WHAT IS REQUIRED =>
Without the pictures, restate all of the data below word for word.

AVAILABLE DATA =>
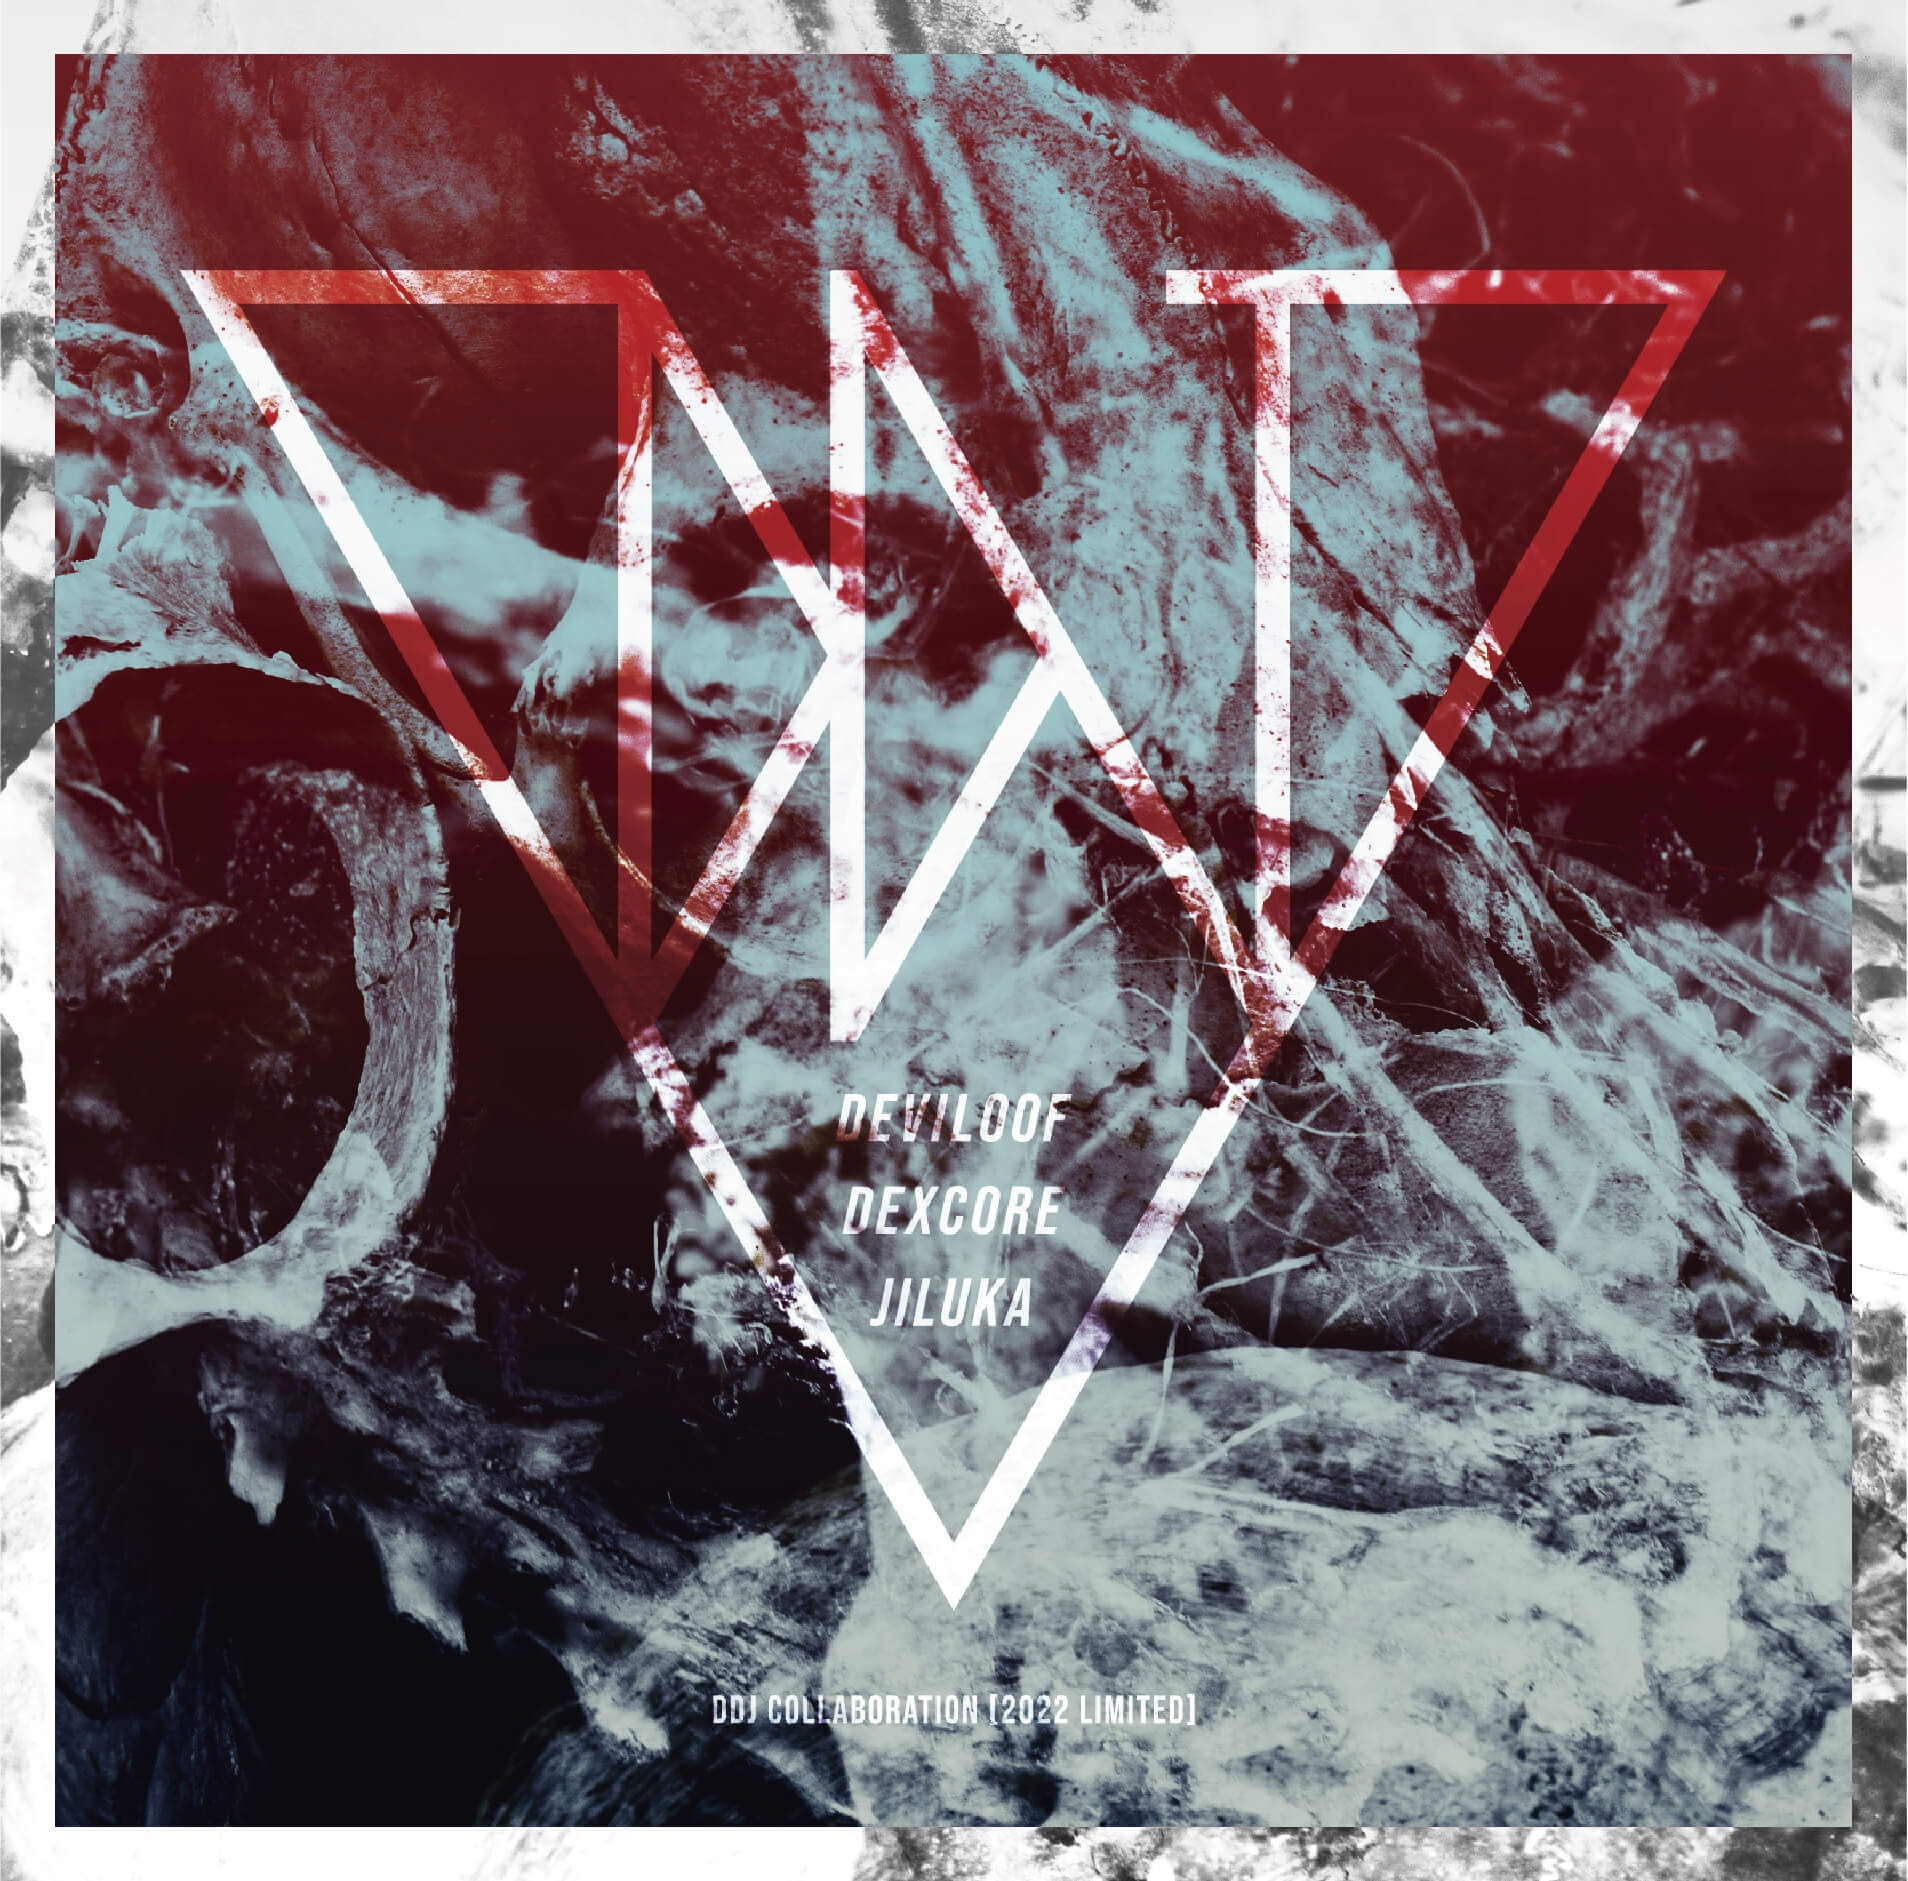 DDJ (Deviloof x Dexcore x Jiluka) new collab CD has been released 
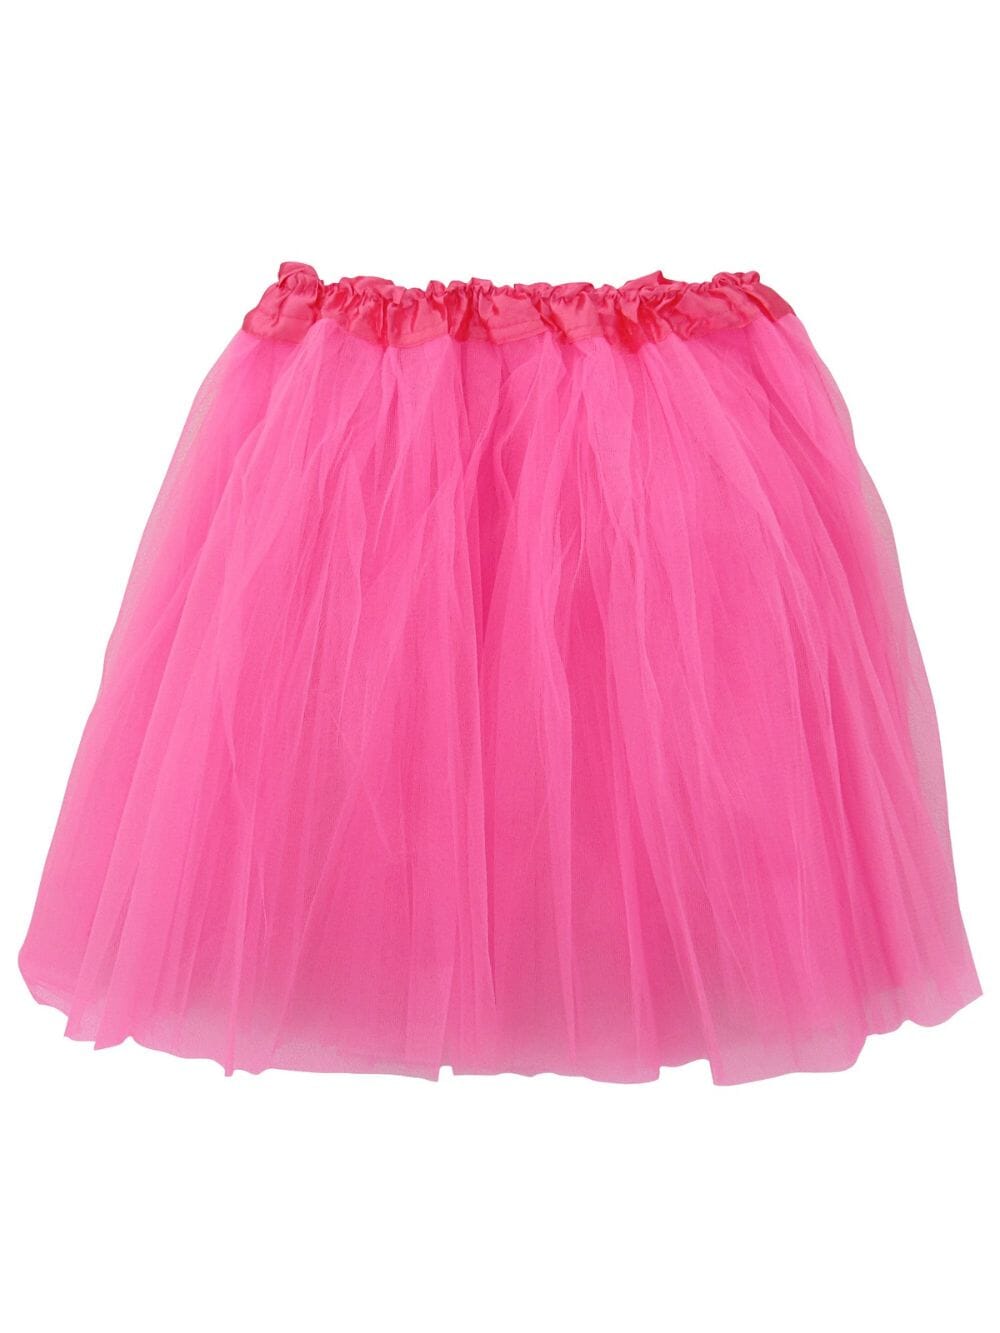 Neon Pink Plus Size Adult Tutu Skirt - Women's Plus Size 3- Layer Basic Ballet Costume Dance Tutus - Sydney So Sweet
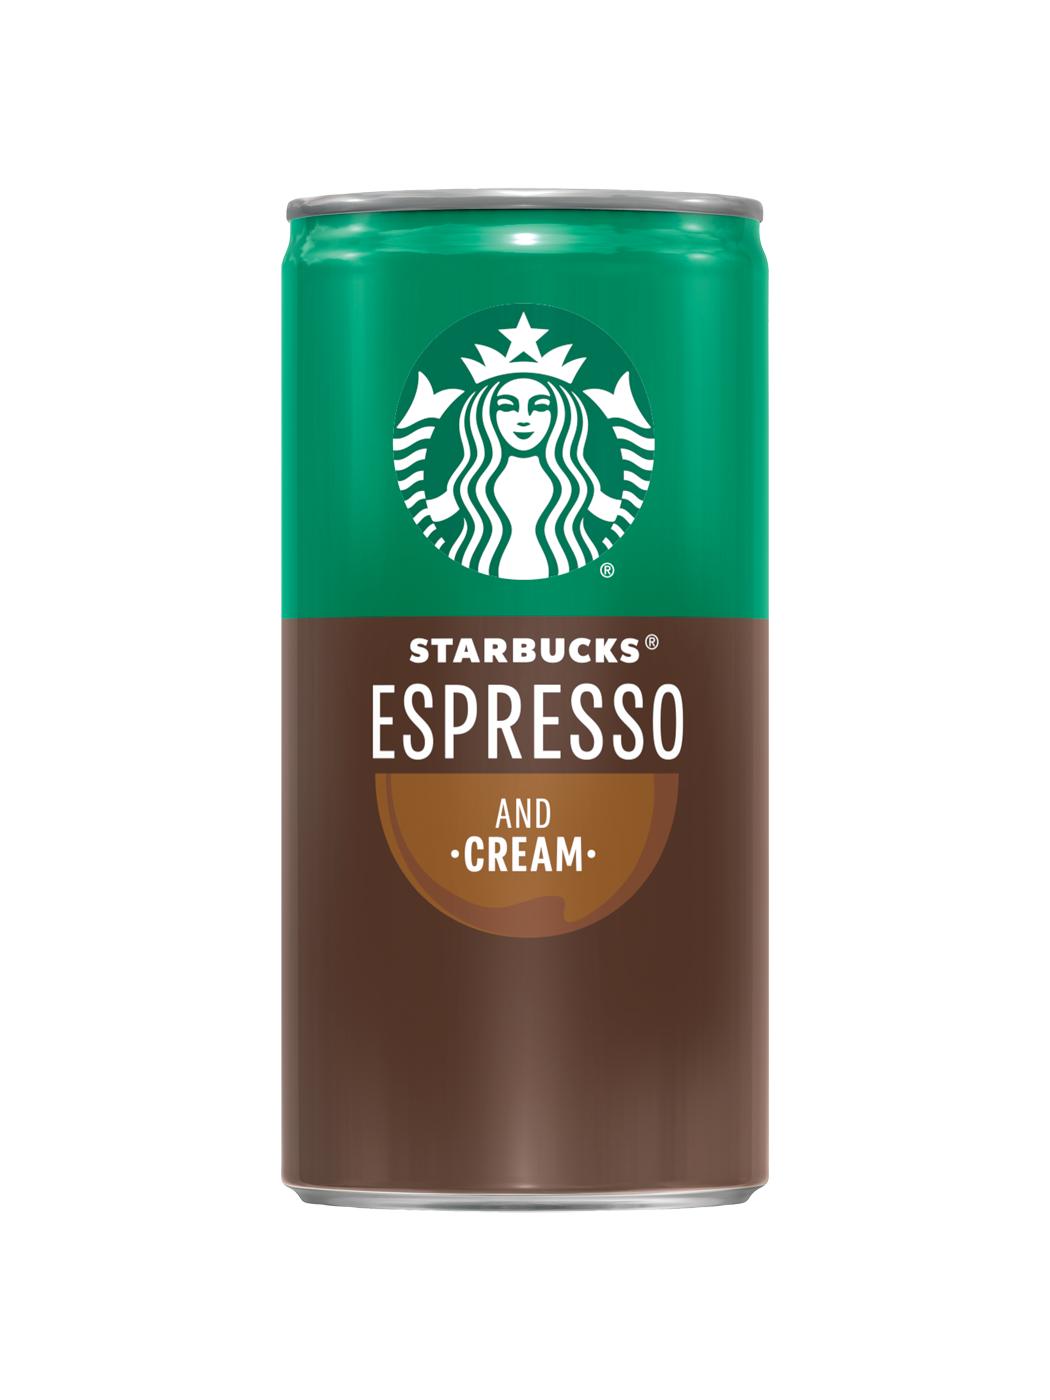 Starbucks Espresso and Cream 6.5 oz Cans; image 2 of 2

RESPONSE =>
 DDJ (Deviloof x Dexcore x Jiluka) new collab CD has been released 
 Neon Pink Plus Size Adult Tutu Skirt - Women's Plus Size 3- Layer Basic Ballet Costume Dance Tutus - Sydney So Sweet
 Starbucks Espresso and Cream 6.5 oz Cans; image 2 of 2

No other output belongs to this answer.